• _Data section_
☆ ☆ ☆ ☆ ☆
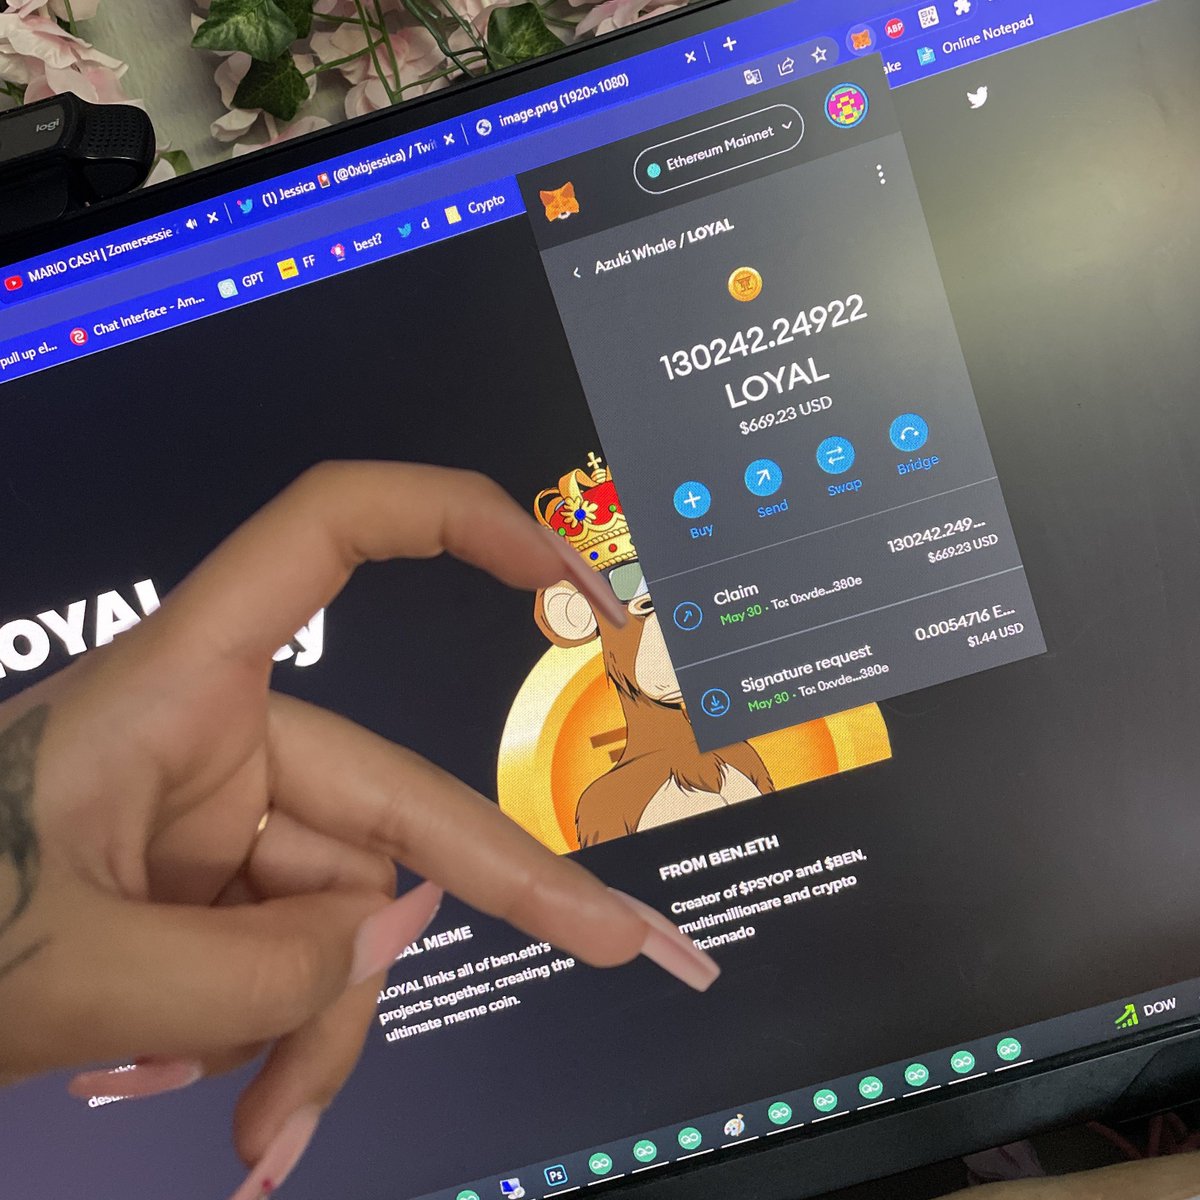 omg i just claimed $670 from the $LOYAL airdrop? claim now 👇

🔗 loyal.holdings 🎁

$ADA #crypto #100X #MATIC BTC $SUI Ether #USDC $QNT #NFTs $XEN $APE #ETH #airdrops $LINK $DOGE $XRP $PEPE $MONG $BOB $WAGMI #MATIC $CAW $SHIB $FLOKI $DAVE $PSYOP $BEN #USDT $BTC Pauly
☆ ☆ ☆ ☆ ☆
• _What needs to be done_
Restate the whole listing above exactly, except for its images.

• _Solution to the exercise_
 omg i just claimed $670 from the $LOYAL airdrop? claim now 👇

🔗 loyal.holdings 🎁

$ADA #crypto #100X #MATIC BTC $SUI Ether #USDC $QNT #NFTs $XEN $APE #ETH #airdrops $LINK $DOGE $XRP $PEPE $MONG $BOB $WAGMI #MATIC $CAW $SHIB $FLOKI $DAVE $PSYOP $BEN #USDT $BTC Pauly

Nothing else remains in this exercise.